OpenccNetLib 1.0.3
dotnet add package OpenccNetLib --version 1.0.3
NuGet\Install-Package OpenccNetLib -Version 1.0.3
<PackageReference Include="OpenccNetLib" Version="1.0.3" />
<PackageVersion Include="OpenccNetLib" Version="1.0.3" />
<PackageReference Include="OpenccNetLib" />
paket add OpenccNetLib --version 1.0.3
#r "nuget: OpenccNetLib, 1.0.3"
#:package OpenccNetLib@1.0.3
#addin nuget:?package=OpenccNetLib&version=1.0.3
#tool nuget:?package=OpenccNetLib&version=1.0.3
OpenccNet
OpenccNetLib is a fast and efficient .NET library for converting Chinese text, offering support for Simplified ↔ Traditional, Taiwan, Hong Kong, and Japanese Kanji variants. Built with inspiration from OpenCC, this library is designed to integrate seamlessly into modern .NET projects with a focus on performance and minimal memory usage.
Table of Contents
Features
- Fast, multi-stage conversion using static dictionary caching
- Supports:
- Simplified ↔ Traditional Chinese
- Traditional (Taiwan) ↔ Simplified/Traditional
- Traditional (Hong Kong) ↔ Simplified/Traditional
- Japanese Kanji Shinjitai ↔ Traditional Kyujitai
- Optional punctuation conversion
- Thread-safe and suitable for parallel processing
- .NET Standard 2.0 compatible
Installation
- Add the library to your project via NuGet or reference the source code directly.
- Add required dependencies of dictionary files to library root.
dicts\dictionary_maxlength.zstd
Default dictionary file.dicts\*.*
Others dictionary files for different configurations.
Install via NuGet:
dotnet add package OpenccNetLib
Or, clone and include the source files in your project.
Usage
Basic Example
using OpenccNetLib;
var opencc = new Opencc("s2t"); // Simplified to Traditional
string traditional = opencc.Convert("汉字转换测试");
Console.WriteLine(traditional);
// Output: 漢字轉換測試
Supported Configurations
Config | Description |
---|---|
s2t | Simplified → Traditional |
t2s | Traditional → Simplified |
s2tw | Simplified → Traditional (Taiwan) |
tw2s | Traditional (Taiwan) → Simplified |
s2twp | Simplified → Traditional (Taiwan, phrases) |
tw2sp | Traditional (Taiwan, phrases) → Simplified |
s2hk | Simplified → Traditional (Hong Kong) |
hk2s | Traditional (Hong Kong) → Simplified |
t2tw | Traditional → Traditional (Taiwan) |
tw2t | Traditional (Taiwan) → Traditional |
t2twp | Traditional → Traditional (Taiwan, phrases) |
tw2tp | Traditional (Taiwan, phrases) → Traditional |
t2hk | Traditional → Traditional (Hong Kong) |
hk2t | Traditional (Hong Kong) → Traditional |
t2jp | Traditional Kyujitai → Japanese Kanji Shinjitai |
jp2t | Japanese Kanji Shinjitai → Traditional Kyujitai |
Example: Convert with Punctuation
var opencc = new Opencc("s2t");
string result = opencc.Convert("“汉字”转换。

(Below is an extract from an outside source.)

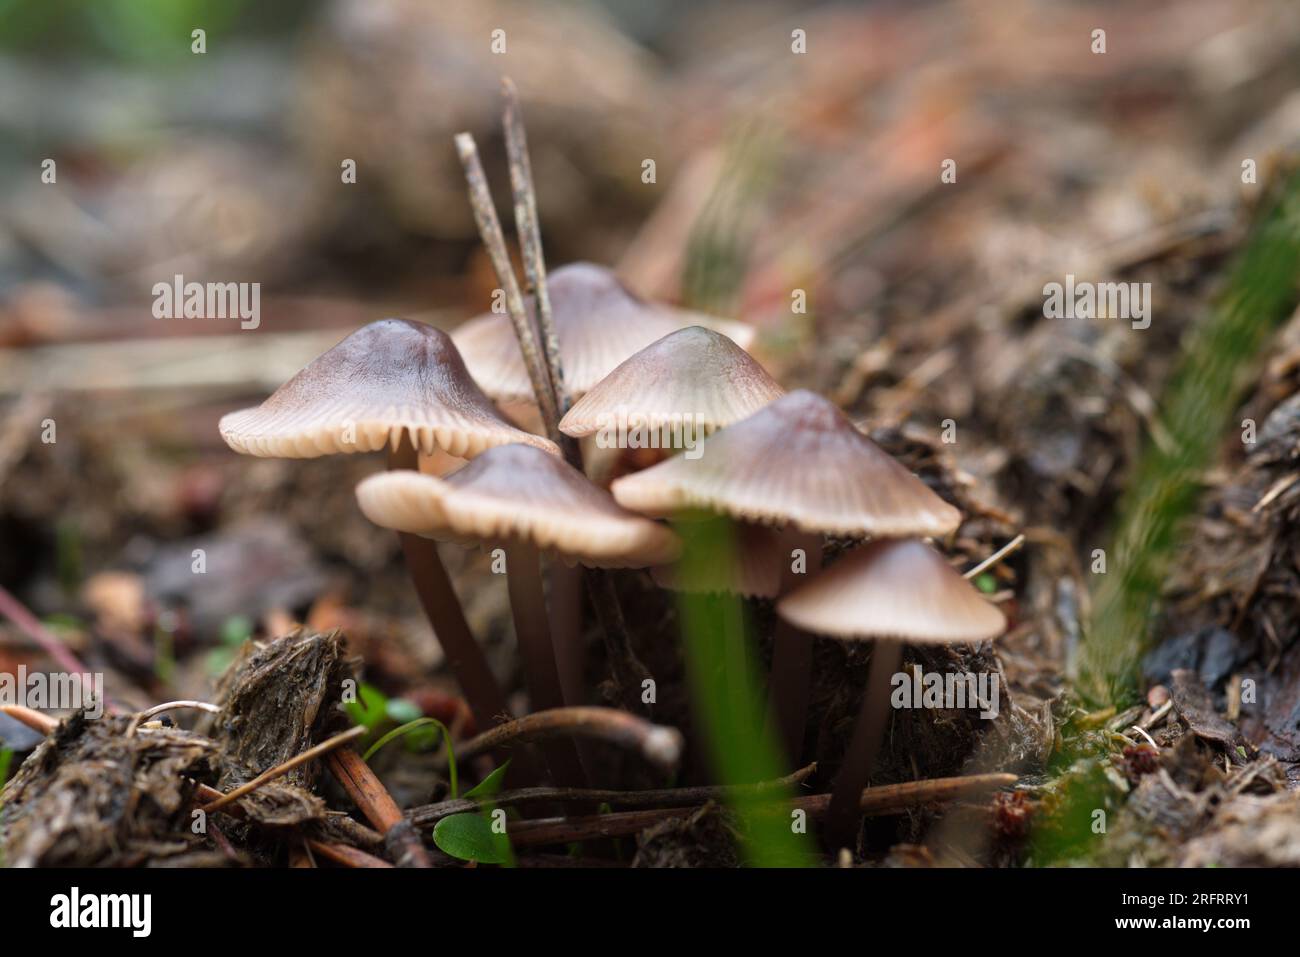 Mycena sp mushroom in the forest. Setas de Mycena sp en el bosque Stock Photo

", punctuation: true);
Console.WriteLine(result);
// Output: 「漢字」轉換。
Example: Switching Config Dynamically
using OpenccNetLib;
var opencc = new Opencc("s2t");
// Initial conversion
string result = opencc.Convert("动态切换转换方式");
Console.WriteLine(result); // Output: 動態切換轉換方式
// Switch config using string
opencc.Config = "t2s"; // Also valid: opencc.SetConfig("t2s")
result = opencc.Convert("動態切換轉換方式");
Console.WriteLine(result); // Output: 动态切换转换方式
// Switch config using enum (recommended for safety and autocomplete)
opencc.SetConfig(OpenccConfig.S2T);
result = opencc.Convert("动态切换转换方式");
Console.WriteLine(result); // Output: 動態切換轉換方式
// Invalid config falls back to "s2t"
opencc.Config = "invalid_config";
Console.WriteLine(opencc.GetLastError()); // Output: Invalid config provided: invalid_config. Using default 's2t'.
💡 Tips
- Use
OpenccConfig
enum for compile-time safety and IntelliSense support. - Use
GetLastError()
to check if fallback occurred due to an invalid config. - You can also validate config strings with
Opencc.IsValidConfig("t2tw")
.
Direct API Methods
You can also use direct methods for specific conversions:
using OpenccNetLib;
var opencc = new Opencc();
opencc.S2T("汉字");
// Simplified to Traditional opencc.T2S("漢字");
// Traditional to Simplified opencc.S2Tw("汉字");
// Simplified to Taiwan Traditional opencc.T2Jp("漢字");
// Traditional to Japanese Kanji
// ...and more
Error Handling
If an error occurs (e.g., invalid config), use:
string error = opencc.GetLastError();
Console.WriteLine(error); // Output the last error message
Language Detection
Detect if a string is Simplified, Traditional, or neither:
using OpenccNetLib;
int result = Opencc.ZhoCheck("汉字"); // Returns 2 for Simplified, 1 for Traditional, 0 for neither
Console.WriteLine(result); // Output: 2 (for Simplified)
Using Custom Dictionary
Library default is zstd compressed dictionary Lexicon.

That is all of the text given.